The small size of these sound generators makes them easy to wear during everyday activity. Once they have been worn and the volume regulated, the person may “forget” they are wearing them for the rest of the day. Their maintenance is limited to periodically replacing the battery which can be done by the user. Custom sound generators are both useful for total masking therapy [36] and for partial masking therapy, according to tinnitus retraining therapy (TRT) [37] (Picture 2).

tinnitus treatment picture - Real size of a custom sound generator or a combi hearing aid used in sound therapy

Picture 2 Real size of a custom sound generator or a combi hearing aid used in sound therapy

Hearing Aid Devices

The most suitable hearing aids for sound therapy are the open-ear hearing aids [38, 39], which have a mini speaker placed at the entrance of the ear canal. The size of the small case housing the battery resembles that of a bean. Like the custom sound generators, their ease is such that wearers often do not even feel them.

Hearing aids are designed to compensate for hearing loss and lack of auditory stimulation. Unfortunately, hearing aids currently available are not able to amplify sounds with a frequency above 6–7 kHz, a range of hearing that is often impaired in individuals with tinnitus; for this reason, ordinary hearing aids may be less efficient in compensating for lost auditory stimulation. Besides hearing aids, the new generation Combi (combination hearing aids) now available, combine common prostheses with the ability to generate an enrichment sound, similar to what custom sound generators provide. The Combi devices represent the most innovative and efficient therapeutic tools for tinnitus and hearing loss, because they can combine auditory stimulation in impaired hearing areas with either partial or total tinnitus masking [40, 41].

Implantable Hearing Aids

Traditional acoustic prostheses and Combi hearing aids are not generally recommended for patients with conductive hearing loss caused by external and middle- ear malformations or in patients with chronic middle-ear infection. Such individuals may benefit from the bone-anchored hearing aids, which transmit sound vibrations to the inner ear through a titanium rod implanted into the bone. The increase in use of implantable hearing aids during recent years has made it possible to assess their efficacy for treatment of tinnitus. Implantable middle-ear prostheses provide better sound therapy for some patients with tinnitus than traditional hearing aids [42], probably because they provide amplification in a wider frequency range and because of the “naturalness of the amplification”. The cost, as well as the required surgery, limits the use of these devices. Cochlear implants can provide input to the auditory nervous system that can reduce tinnitus in many individuals, both in those with severe hearing loss and in individuals with good hearing on one ear who have severe tinnitus referred to that side [43].

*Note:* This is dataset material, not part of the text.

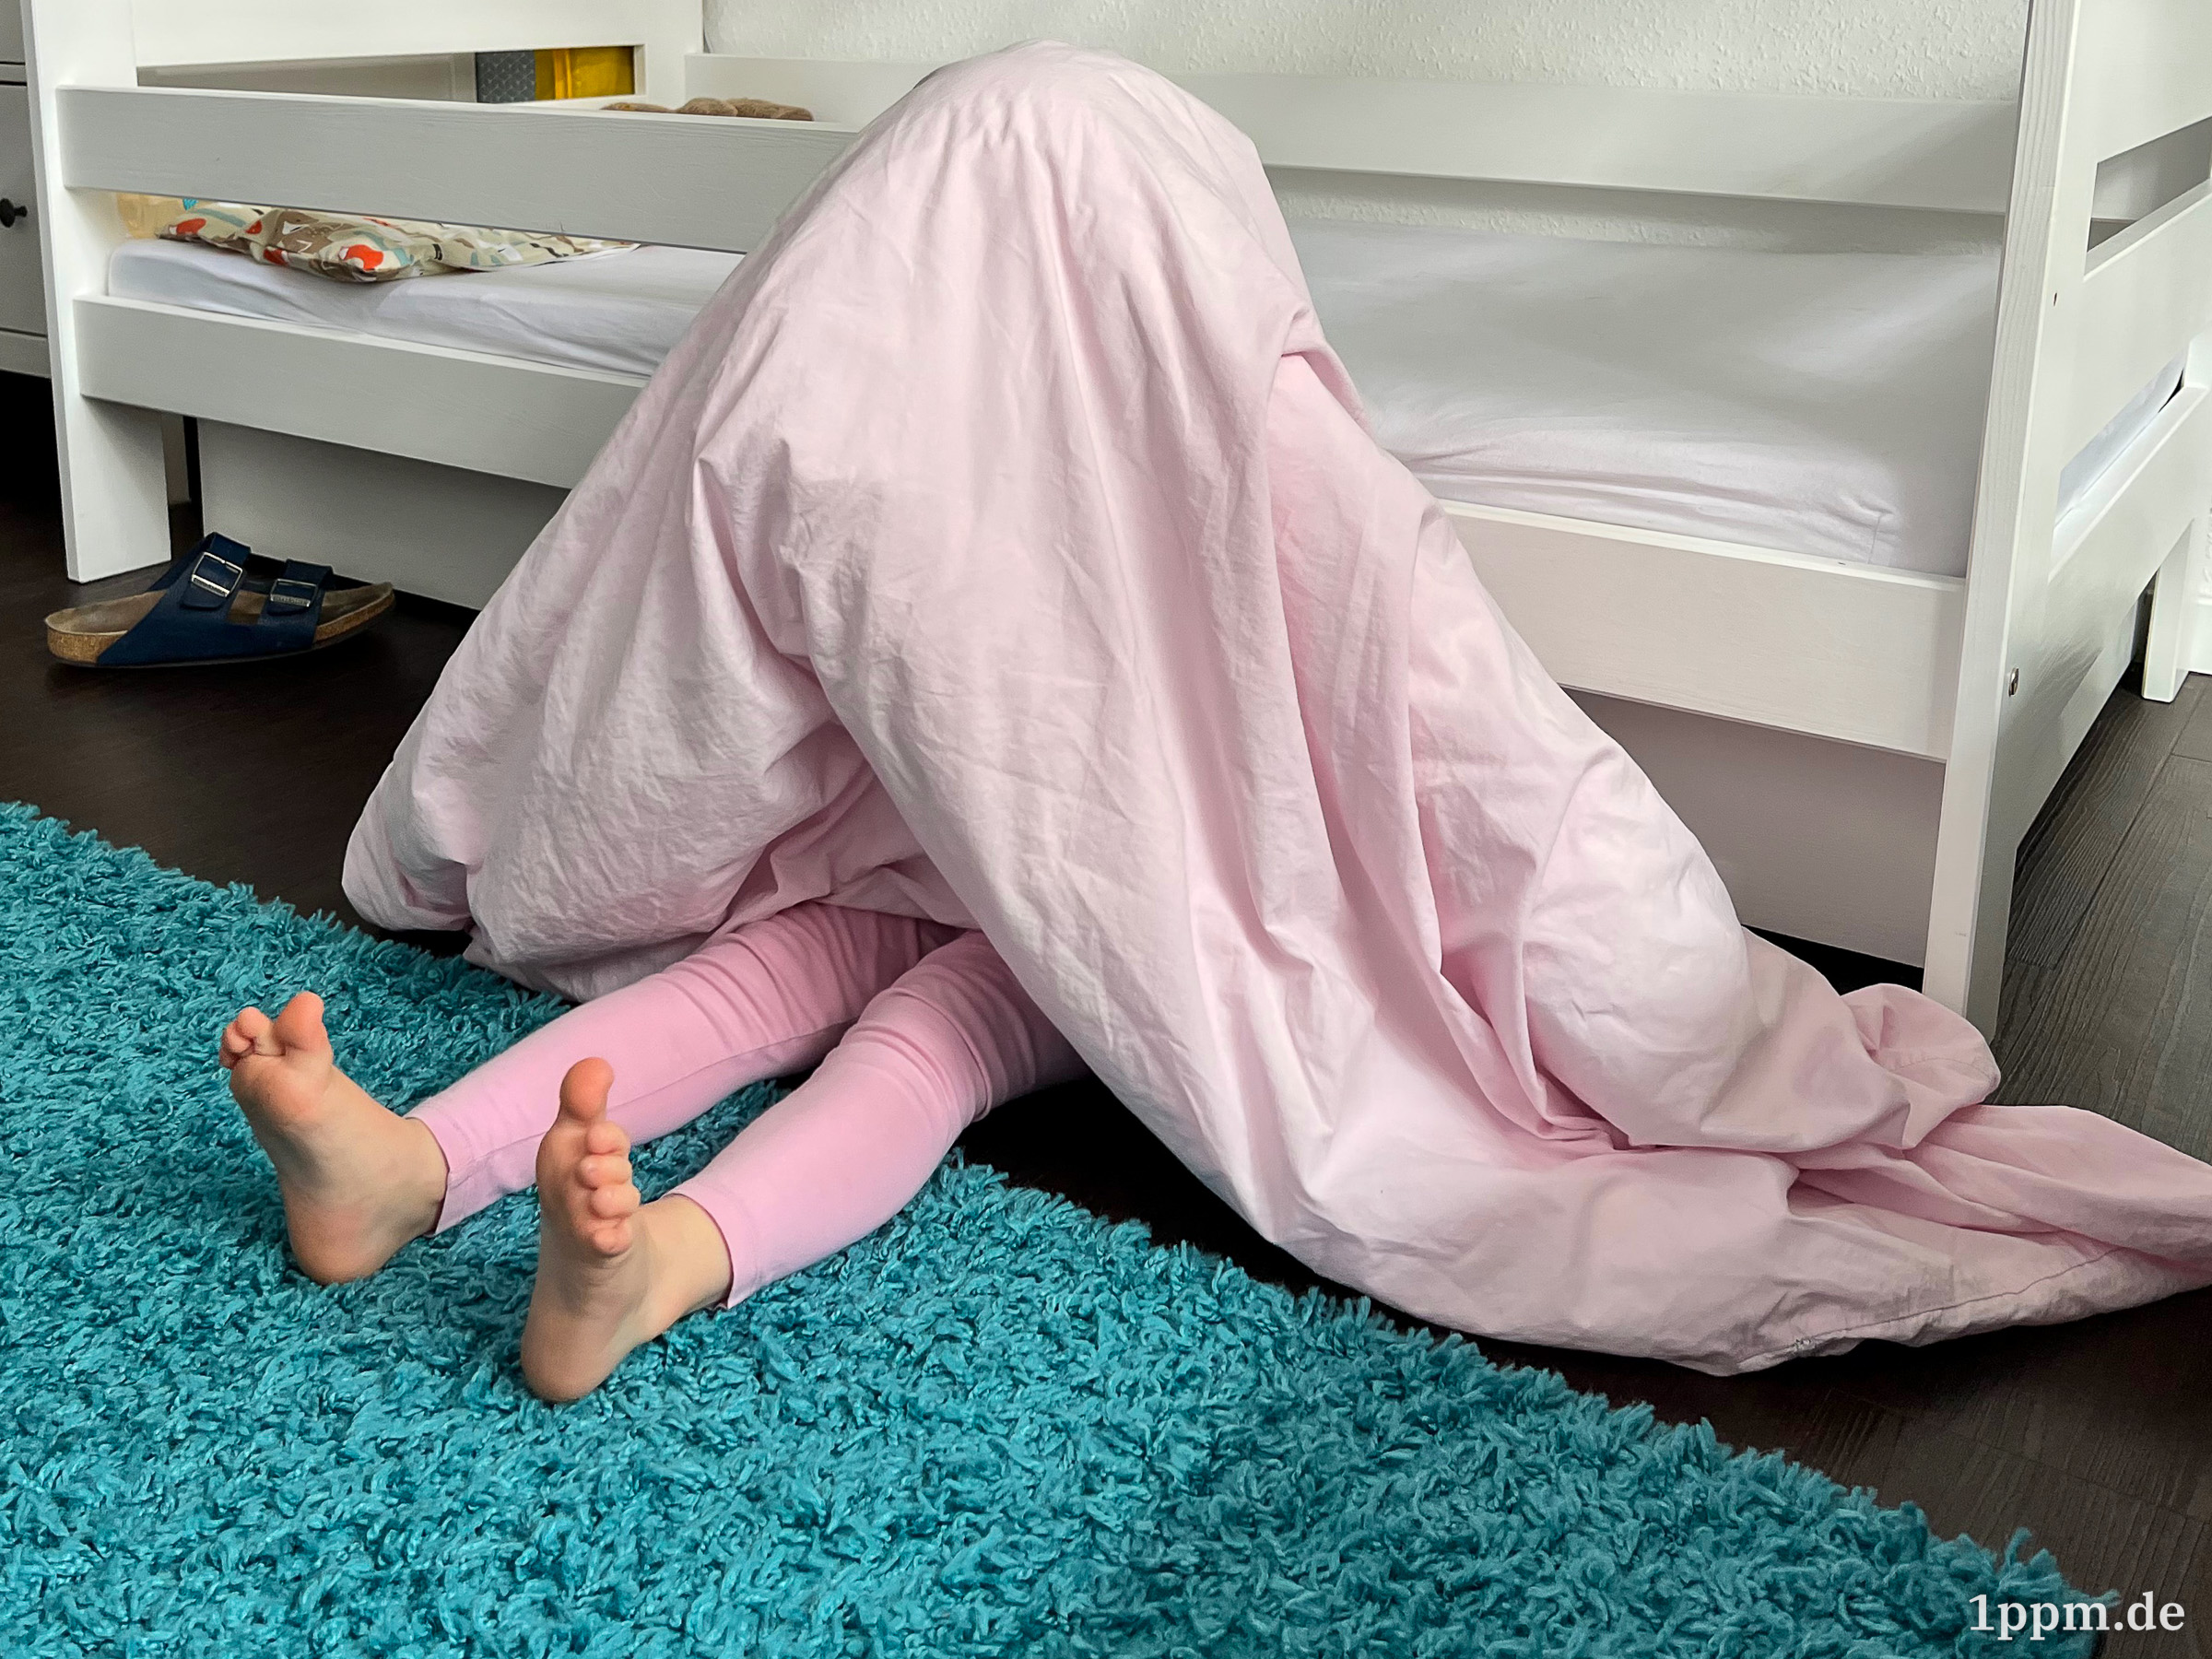 Klein-Lea sitzt auf dem Boden an ihr Bett gelehnt und hat sich ihre Decke über den Kopf gezogen. Man sieht nur ihre Beine herausragen.

Other Sound Therapy Devices

Besides sound generators and acoustic prostheses, other devices that are not specifically designed for treatment of tinnitus can be used for tinnitus management. In fact, a simple fan or fish tank can be used as first-aid treatment of tinnitus. Music players, such as MP3 players with headphones, are often employed to reduce tinnitus. Recorded nature sounds played through home stereo systems are used for this purpose as well.

Can such devices replace custom sound generators or acoustic prostheses? Some specialists do not believe they can for the following reasons: MP3 players and headphones can hardly be worn by individuals carrying out nonsedentary activities; they partially occlude the ear; and they may become intrusive and cannot be worn (and forgotten) for 6–8 h a day. Conversely, these devices may be useful for immediate relief before a more complete sound therapy is started.

Auditory Stimulation from Theory to Practice

Clinical studies [29, 34, 35] have shown that not only do hearing aids improve hearing ability, but they can also reduce or suppress tinnitus.

For instance, in a study carried out in 1999 [44], 50% of hearing aid wearers experienced relief from tinnitus, with a median improvement of 10% after only 6 weeks from the first application. These results were confirmed by subsequent studies, which extended the investigation to individuals who had tinnitus and mild hearing loss [34, 45].

Prosthesis and open-ear hearing aids are important for proper treatment of tinnitus. Modern hearing aids can provide amplification at the frequencies where hearing loss occurs, without uncomfortable side effects, such as over amplification or rumbling, which were typical in the old generation devices.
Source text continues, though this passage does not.